University of Houston •  University of Houston-Clear Lake • ISSO Annual Report Y2005 • 58-60,95

Validation of a Novel Micro-Capillary Array Fluid Collection Technology for Determination of Biomarkers of Bone Metabolism in Human Sweat

Mark S. F. Clarke, Daniel L. Feeback

Bone loss during space flight is a well documented event that is a serious issue with regard to crew health and safety, especially on extended duration missions that involve physical activity in other than microgravity (i.e., Lunar and Mars exploration-class missions). To date, two approaches have been suggested to prevent bone loss during space flight: physical stimulation of the skeletal system (i.e., vibration or resistive loading) or pharmaceutical intervention (i.e., bisphosphonate drugs). Both approaches appear to successfully prevent at least some of the bone loss that occurs in ground-based models of space flight such as bed rest.

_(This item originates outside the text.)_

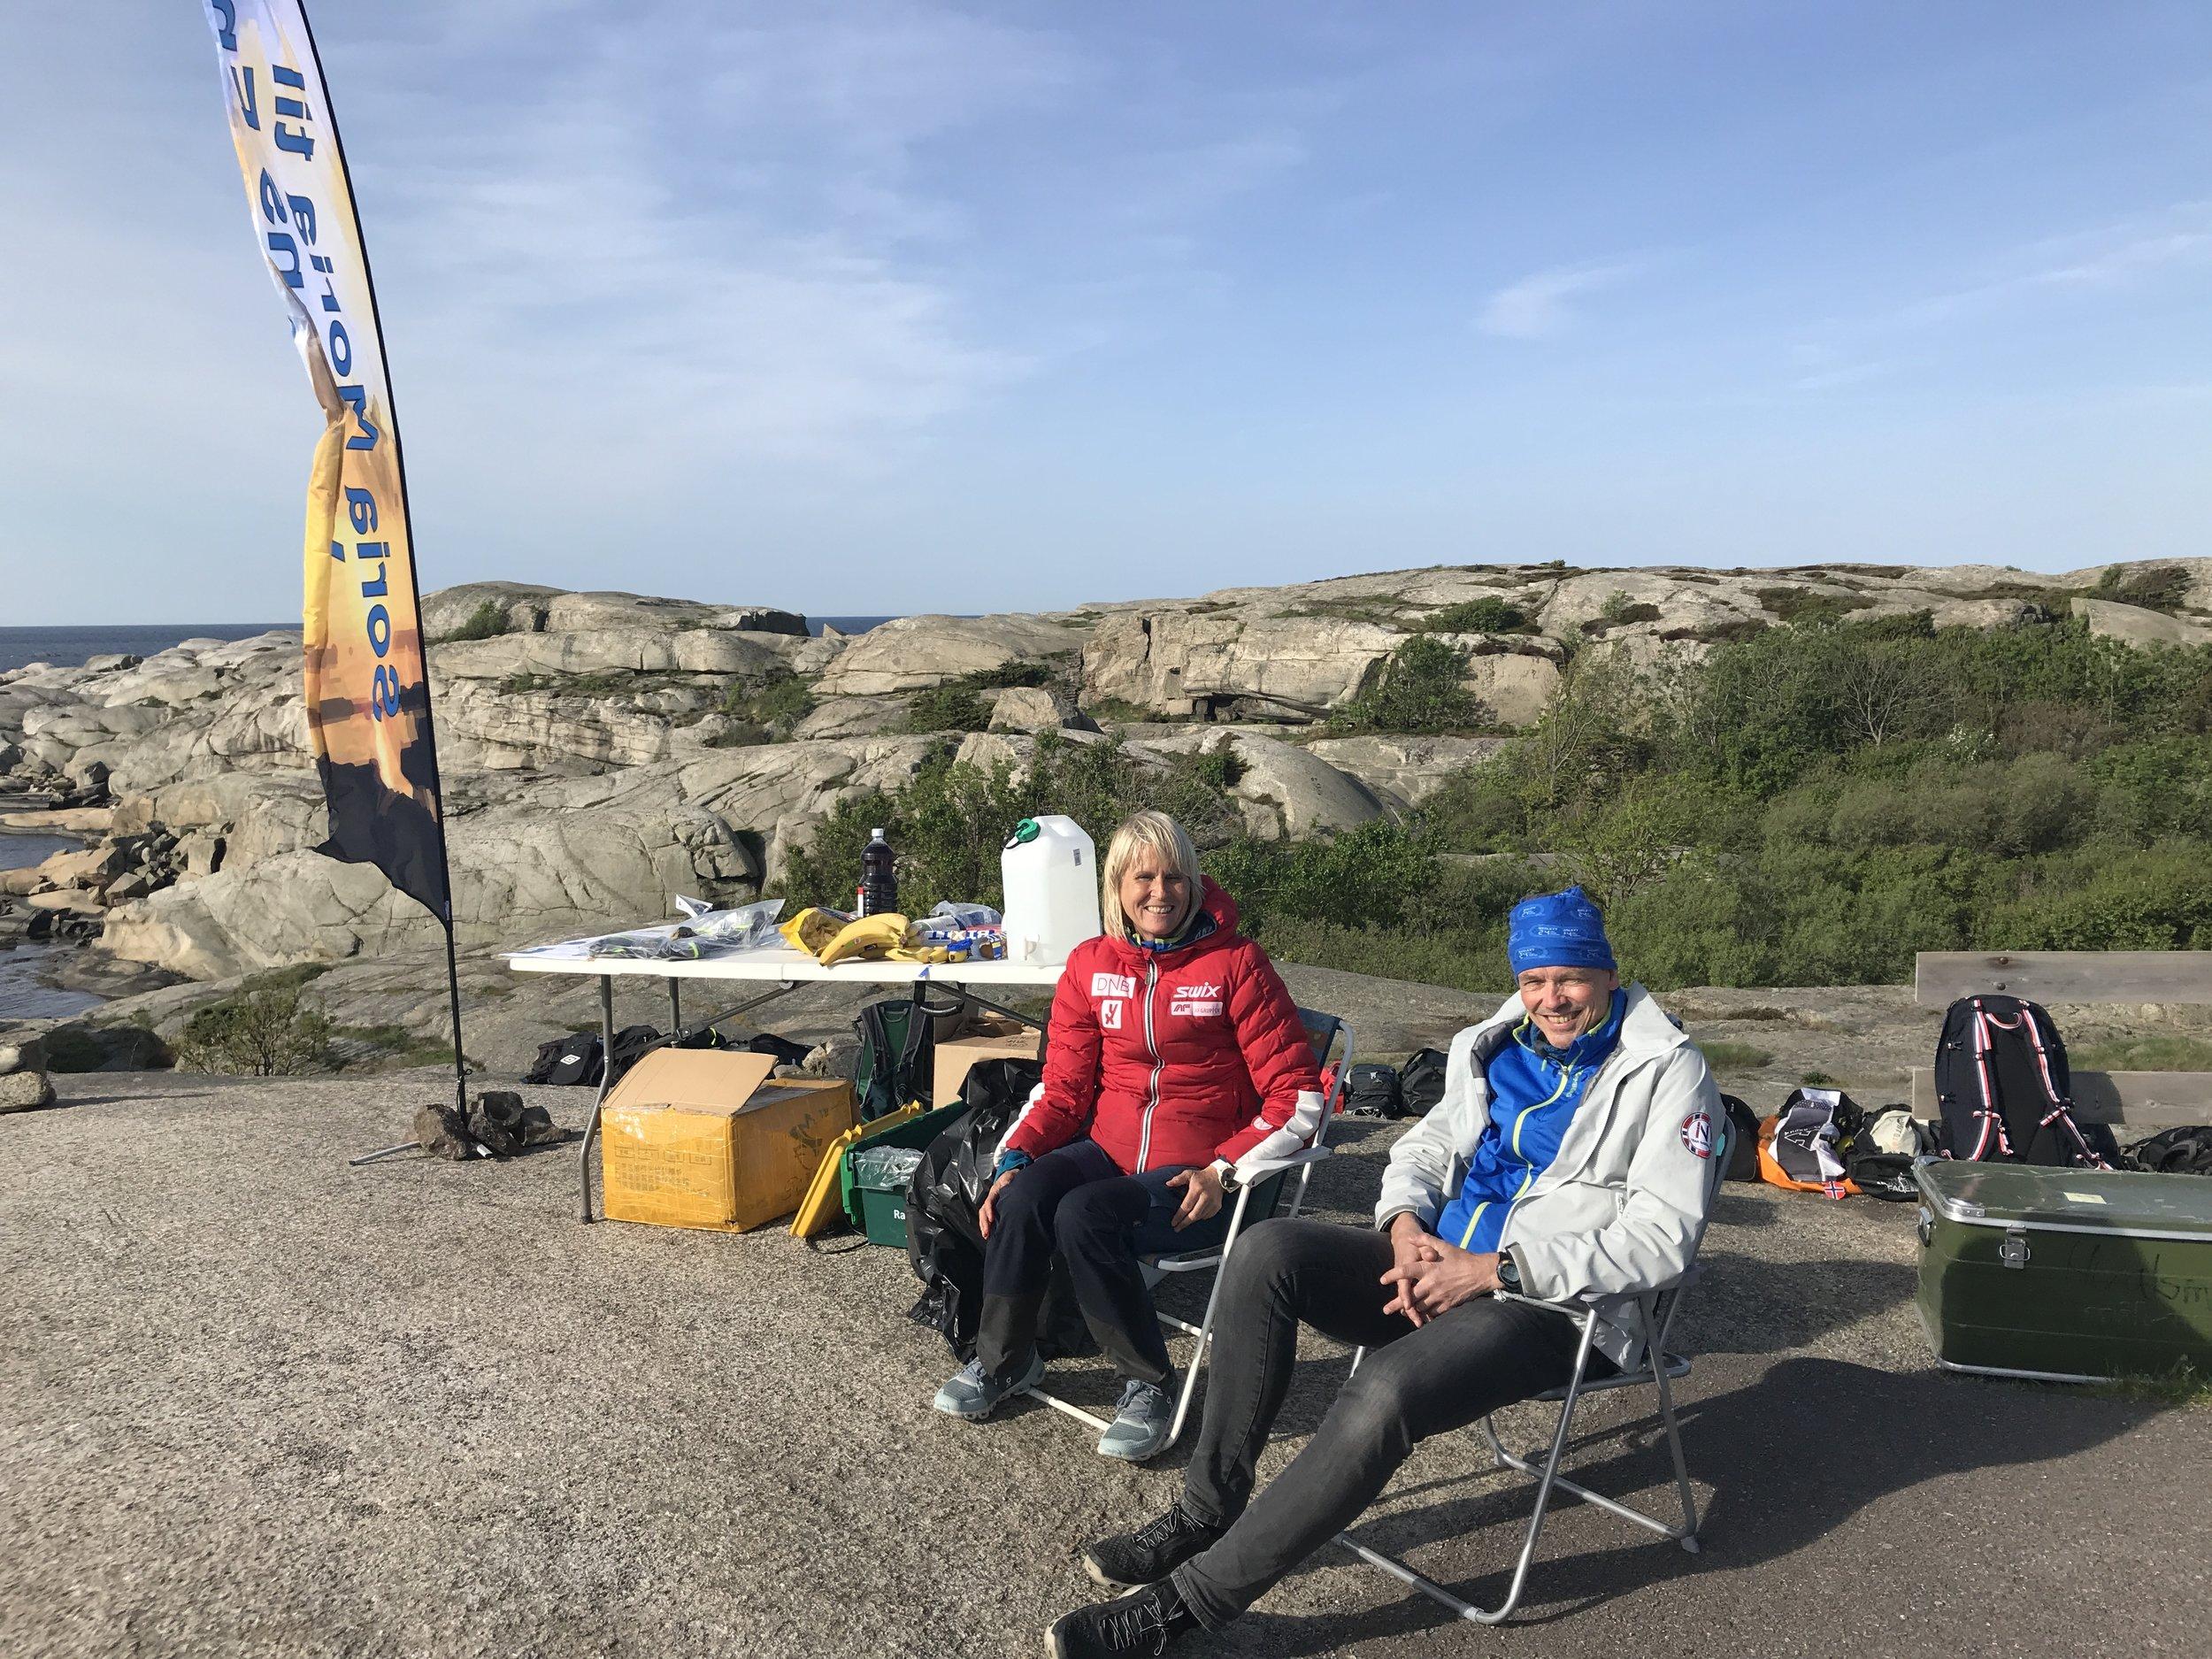 Foto: Rannveig Oseberg  Mona og Einar har godt grep om Langt og Lenges ultraløp, både Soria Moria til Verdens Ende og Blefjell Beste kan varmt anbefales

However, the utility of these approaches has yet to be fully tested and validated during space flight.

One of the central challenges faced in the manned space program is how to provide real-time biomedical monitoring of crew members in order to assess the efficacy and efficiency of countermeasures designed to combat physical de-conditioning induced by extended space flight. This challenge is especially problematic in the case of bone loss, for the underlying physiology of bone remodeling/bone loss, either during space flight or in diseases such as osteoporosis, considers loss over an extended period of time. The gold standard measurement for assessing bone mineral loss is dual X-ray absorptiometry (DEXA), a method that requires bulky equipment, well-trained personnel, and an assessment period measured in months to years. This approach, although well accepted, does not lend itself to the space flight environment or to the real-time biomedical monitoring goal required to assess the efficacy or efficiency of countermeasures employed to protect astronauts during extended space flight missions.

A second approach gaining momentum in the clinical arena is the monitoring of biomarkers known to indicate the loss of bone mineral content during the earlier phases of bone remodeling/ bone loss. These include the measurement of excreted calcium and collagen cross-links in urine or blood, both biomarkers of bone breakdown. This approach has been successfully used to monitor patients undergoing treatment for osteoporosis in a terrestrial setting. This type of measurement has also been shown to reflect bone loss in individuals undergoing bed rest as a ground-based model of space flight.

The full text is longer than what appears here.